Task goal
Pictures are not part of the copy. Set down exactly the lines from the one containing "2051 AS 4x4" through the last line of the material below.

Data segment
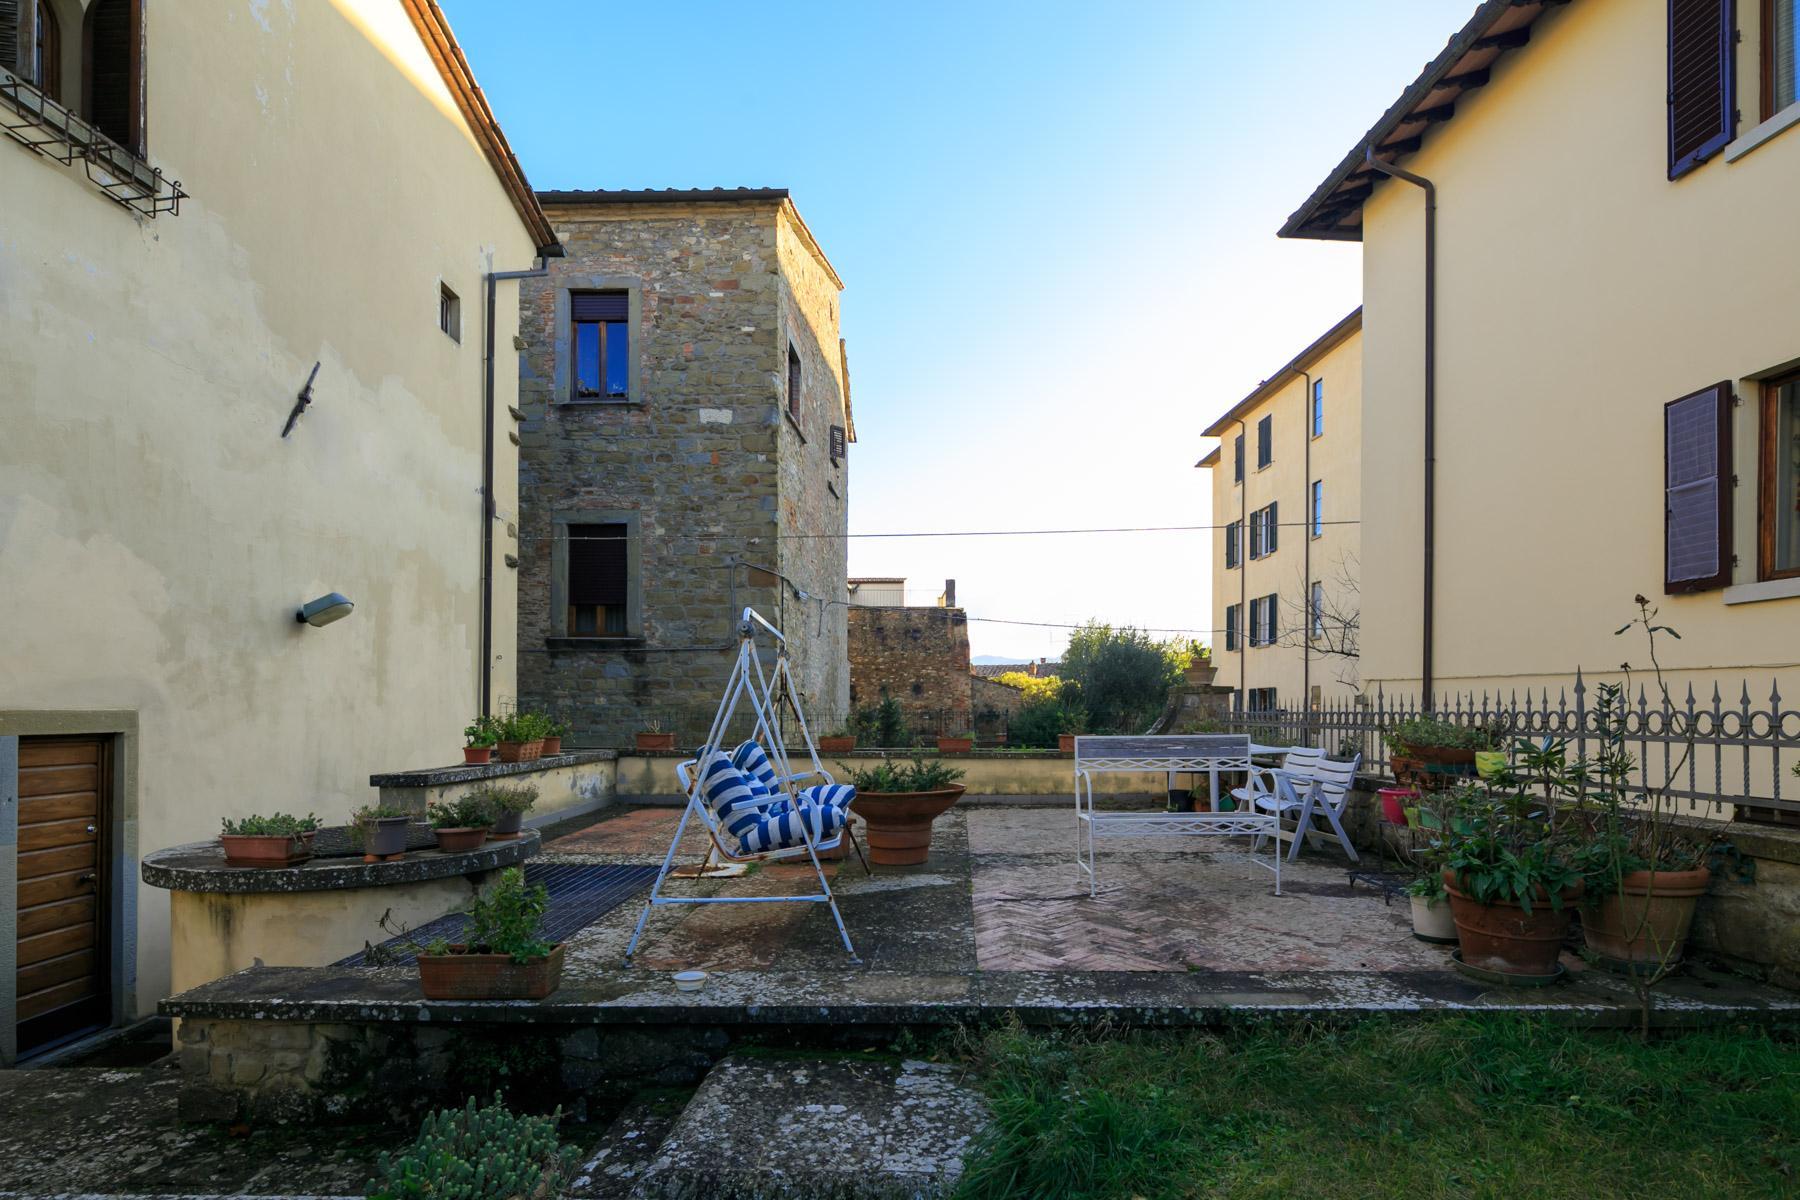 Palazzo Rinascimentale in Vendita a pochi passi da Piazza Grande, Arezzo - 24
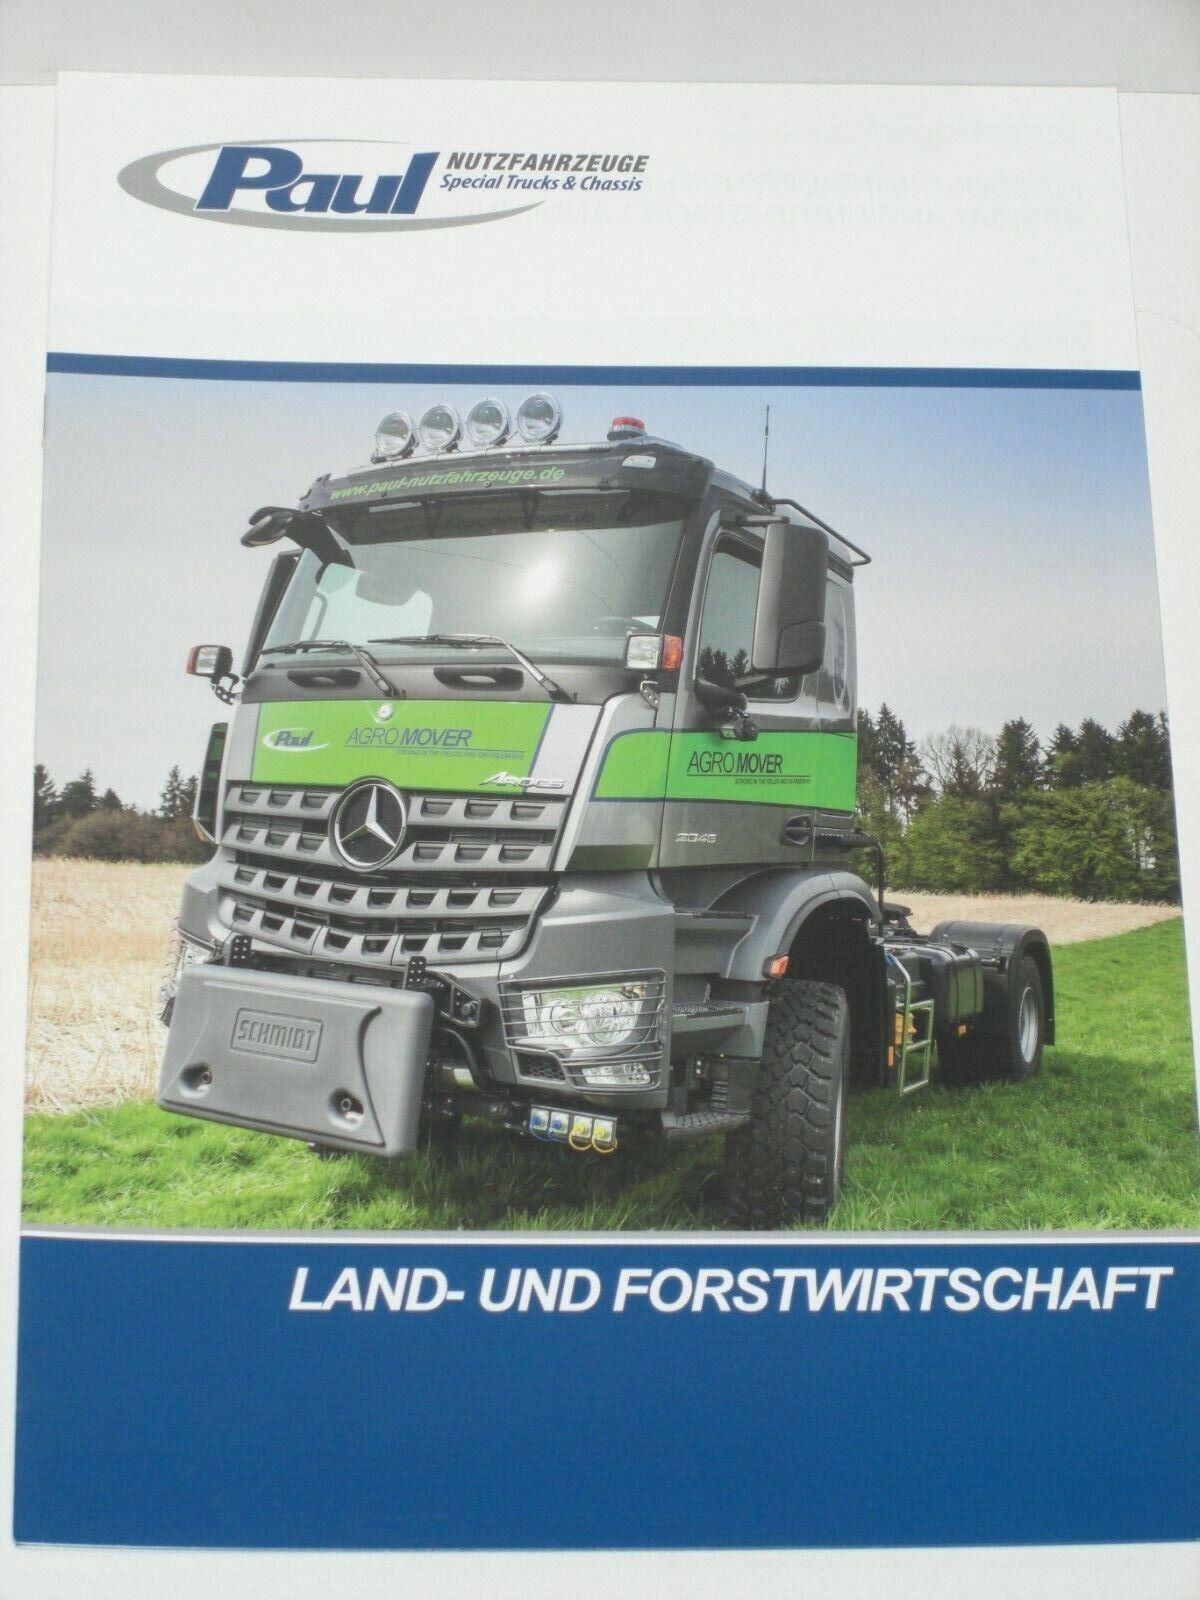 2051 AS 4x4 Agrotruck Prospekte PAUL AGROMOVER TRAKKER 4x4 381
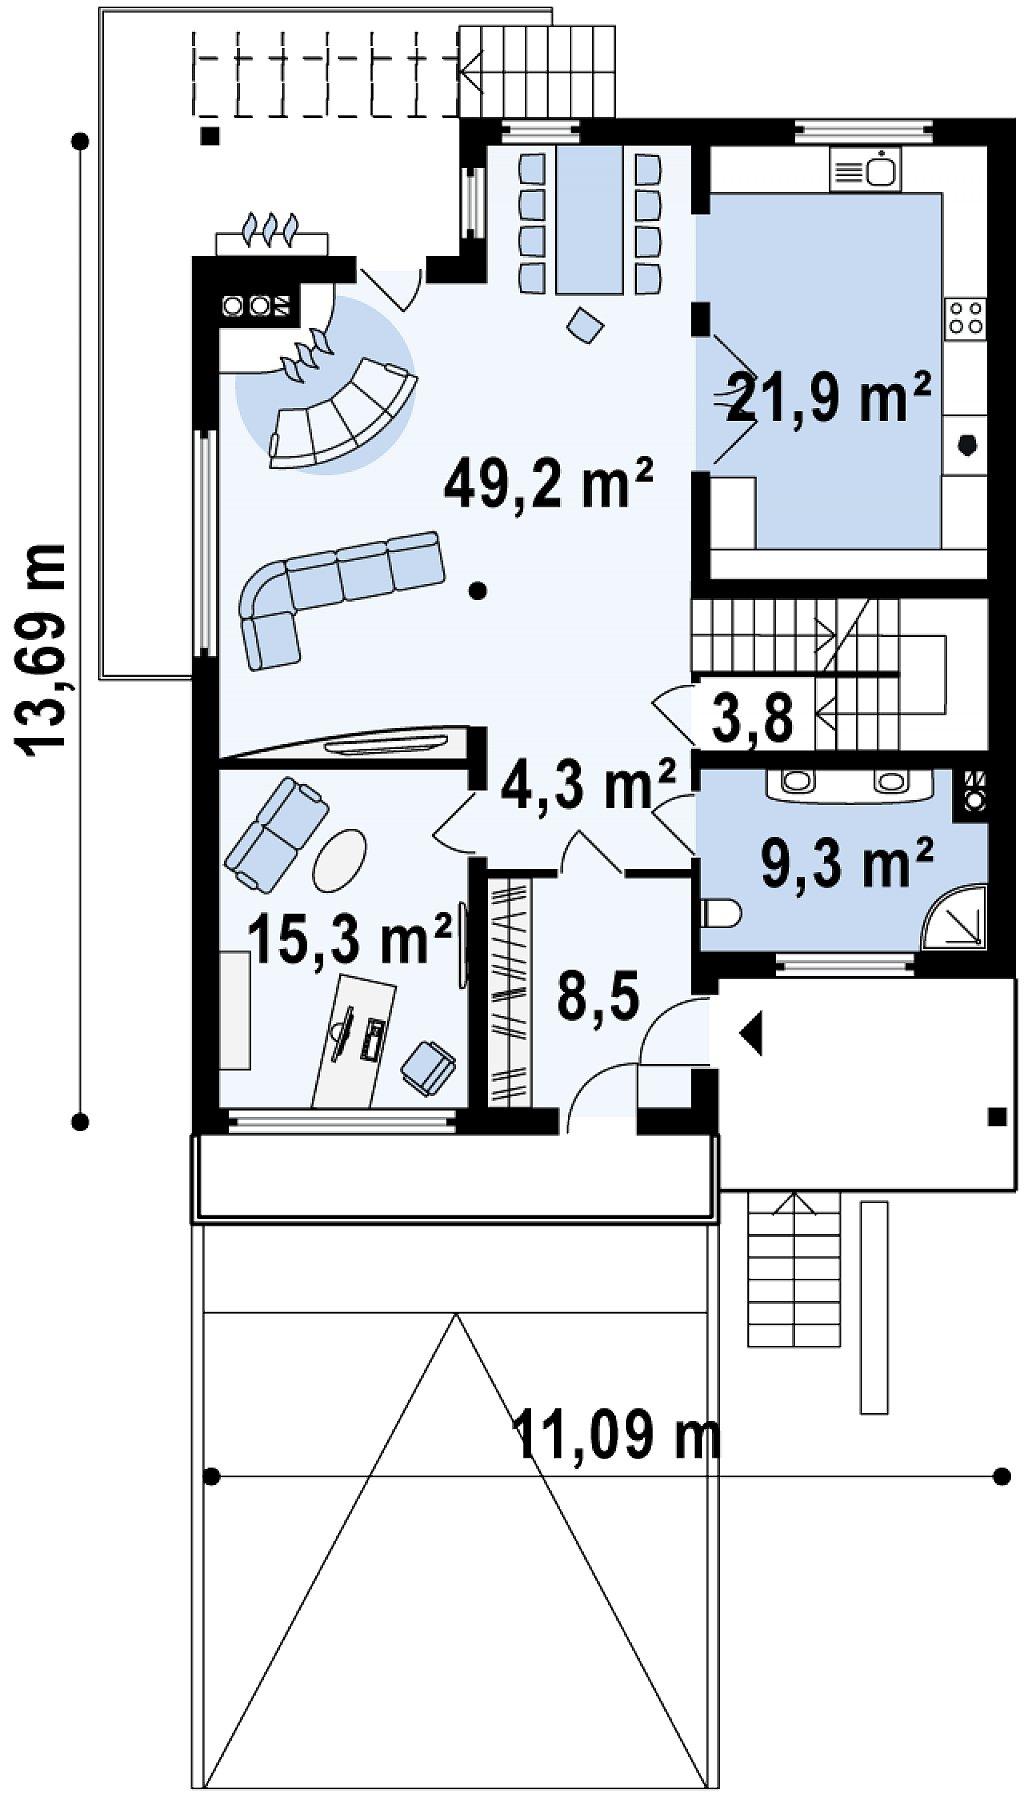 Проект выгодного и практичного двухэтажного дома с подвальным помещение, с дополнительной комнатой на первом этаже. план помещений 2

Answer space
 2051 AS 4x4 Agrotruck Prospekte PAUL AGROMOVER TRAKKER 4x4 381
 Проект выгодного и практичного двухэтажного дома с подвальным помещение, с дополнительной комнатой на первом этаже. план помещений 2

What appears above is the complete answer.